Il regarda à coté de sa femme qui dormait encore et trouva dans une tasse, une masse charnue en boule à la surface rugueuse qui baignait dans un liquide ensanglanté. Halido baissa le regard d’étonnement et de honte.
_ C’est un Kyste. Lui dit le Docteur.
_ Un « Kiss » ?
_ Un Kyste de sept kilos monsieur. Allez, prenez-le et trouvez un coin de votre cour pour l’enfouir. Votre femme a subi une opération chirurgicale, elle dort encore, mais retrouvera toute à l’heure ses esprits. Elle sera gardée en observation jusqu’au soir.
Halido alla alors prendre le « Kiss » cette mystérieuse créature, une monstruosité qu’il s’en fit « enfouir dans sa cour ». Le soir, ramollie, exténuée, Hadjo regagna son foyer. Elle se sentit petite, toute petite comme un ver cherchant refuge sous des feuilles mortes. Les personnes qu’elle croisa marchaient et devenaient énormes.
À la maison, le mari la laissa se reposer.
_ Un « Kiss » ! du n’importe quoi. Ce foisonnement de chair... ? il va me sentir.
Sitôt en famille, contrairement aux instructions du docteur, il alla exposer au soleil le « kyste » sur un hangar. Il le laissa sécher. Puis, il fit un feu, y posa une terrine avec de l’huile. Quand l’huile bouillonna, il y plongea le « kyste », le tourna, le retourna. La boule fibreuse se rétrécit et devint dure et sèche.
Halido la retira, alla chercher un mortier et un pilon. Il jeta la viande cuite dans le mortier et pila, pila encore, chantonnant des airs de vengeance. Il en obtint vite, une poudre qu’il cueillit dans un mouchoir, noua l’étoffe et se dirigea à la sortie du village. Dans les rizières, il alla à son champ, défit le mouchoir, jeta à la volée la poudre qui alla, curieux compost, fertiliser ses terres. Sa vengeance assurée, il revint au village, oublia les commérages, savoura sa victoire et la nuit dormit en paix.
Le matin, il fit un tour au champ pour aiguiser son orgueil, rire du tour joué au petit silure. Scandale, le riz miraculeusement séchait comme pourléché par des flammes ardentes. Il garda son calme, coupa l’herbe sèche pour son cheptel.

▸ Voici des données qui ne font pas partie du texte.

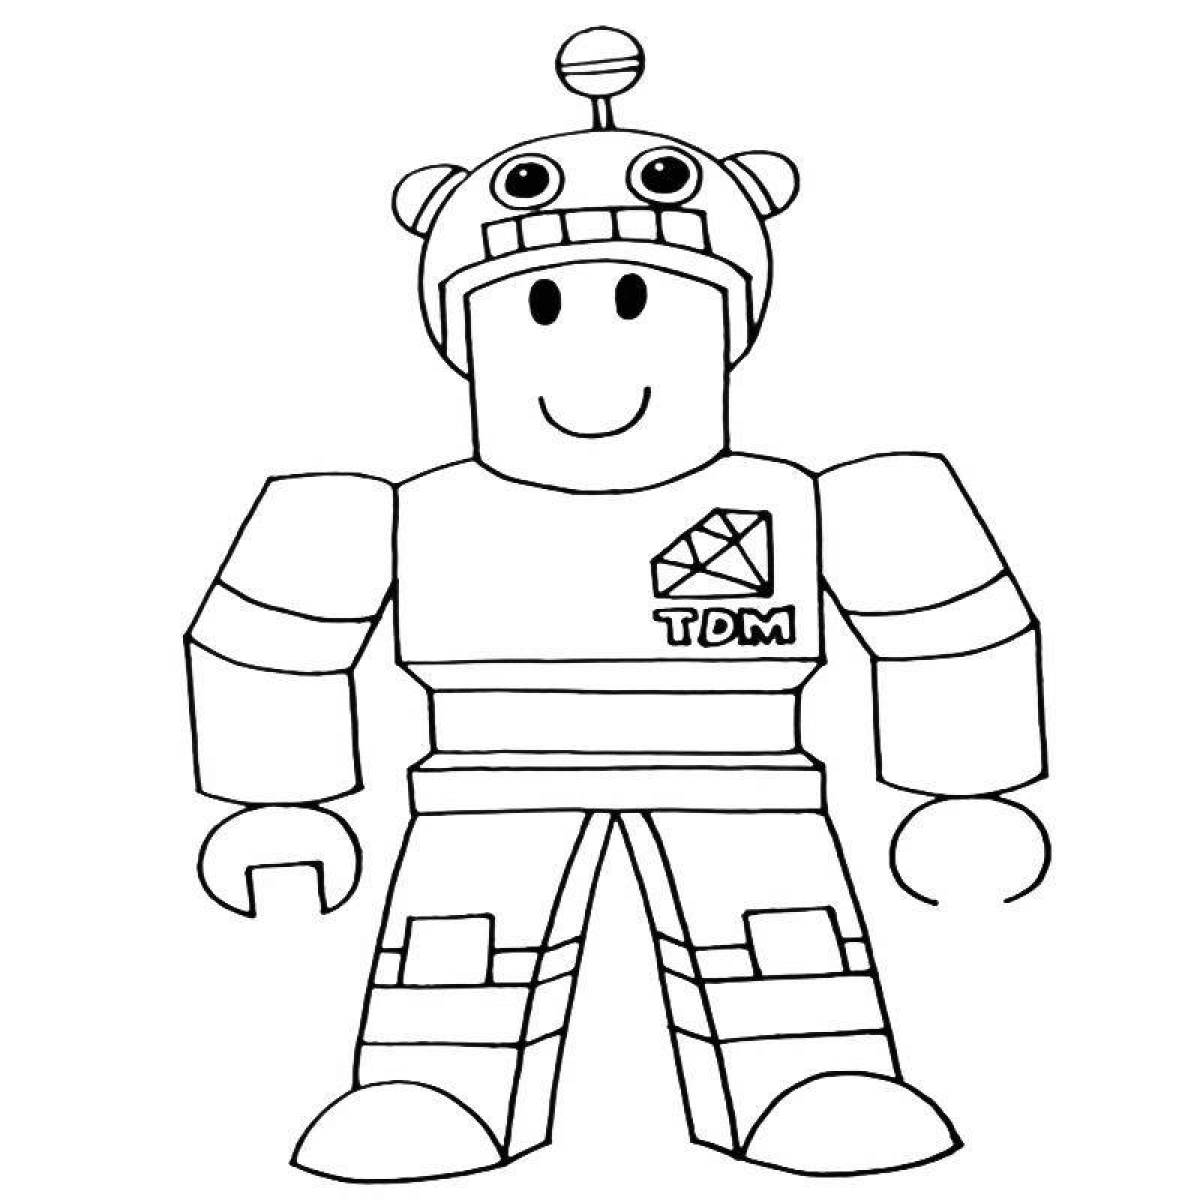 Roblox creative coloring book for girls

Le phénomène lui sembla curieux. La seconde nuit, il dormit mal. Au réveil il se précipita à la rizière. Le désastre persistait et ravageait son champ. Il coupa encore la paille morte qu’il entreposa dans sa cour. Toute la journée, il se tourmenta. Son champ seul brûlait depuis qu’il y répandit la poudre maudite. Il ne s’avoua pas vaincu.
Il aiguisa son coupe-coupe, monta une nouvelle sagaie et alla, pour surveiller son champ, y passer la nuit. Avec son armada, il était certain de mettre en déroute une armée de baleines, d’hippopotames. Les silures, il en exterminera la race. Tard, très tard, un fumet de cuir l’alarma. Il se leva, retroussa les manches, empoigna son coupe-coupe, saisit sa sagaie.

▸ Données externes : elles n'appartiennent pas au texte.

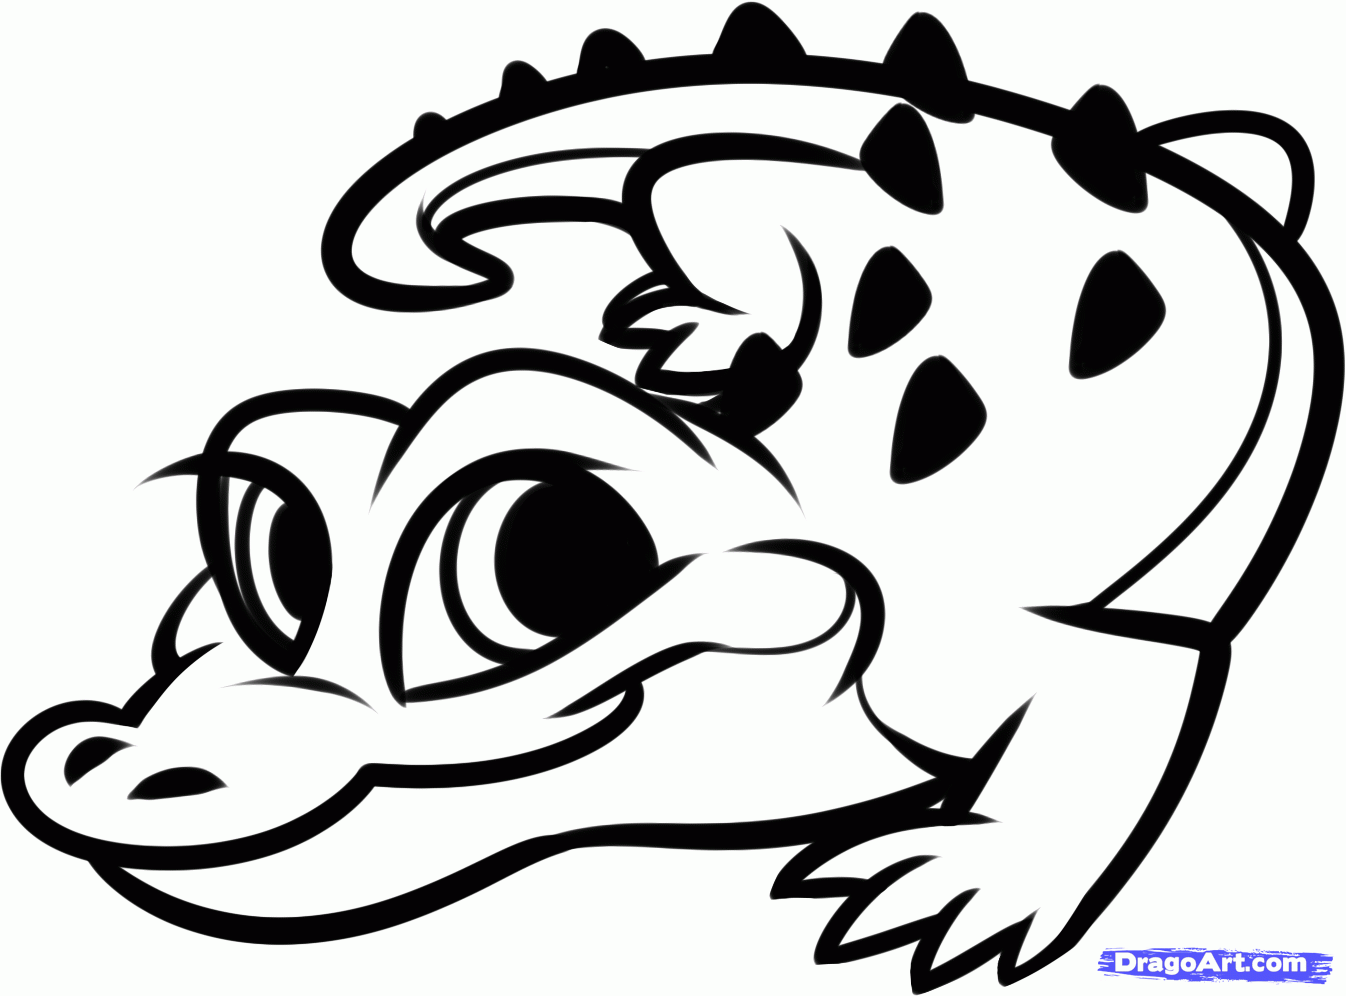 Gator Clipart Black And White | Free download on ClipArtMag

_ Je vous tiens, minables jaloux, bande de saboteurs.
De son pas de géant, il avança, tendit l’oreille. Un feu invisible, sans chaleur, ni fumée brûlait, ravageait son riz. Il se jeta par ci, par là, fouetta, coupa, harponna l’air, le sol, courut, sauta, injuria, maudit. Le crépitement persistait, la paille séchait. Quand essoufflé, il s’arrêta pour s’éponger la face, rien, sa moustache n’y était plus. Il se prit la tête, le cuir se trouvait à nu, point de chevelure.
_ M’a-t-on rasé ? mes cheveux ont-ils brûlé ?
Avant le petit matin, le champ tout entier avait jauni. Au lever du soleil la sécheresse se propagea, calcina les rizières, évolua, brûla la broussaille, s’étala sur des contrées lointaines.
Le ciel en août, se vida de sa pluie. Les cultures périrent. Le fleuve se retira. Le poisson se raréfia. On épuisa les vivres. Les animaux mourraient et emplissaient la brousse de leurs carcasses chimériques. La disette se proclama et obligea les populations dont, Halido méconnaissable à l’exil.
On mangea du haricot, du sorgho, du fonio, du manioc sauvage, des chenilles, des criquets, des feuilles rares, des fruits amers. On creusa des fourmilières, fouilla la terre, vola aux insectes des miettes de céréales. Le peuple pleura et maudit le frère dont le zèle et la gourmandise, précipitèrent le pays dans le KO.
Un totem est toujours un totem, reconnaissez le vôtre et méfiez-vous en.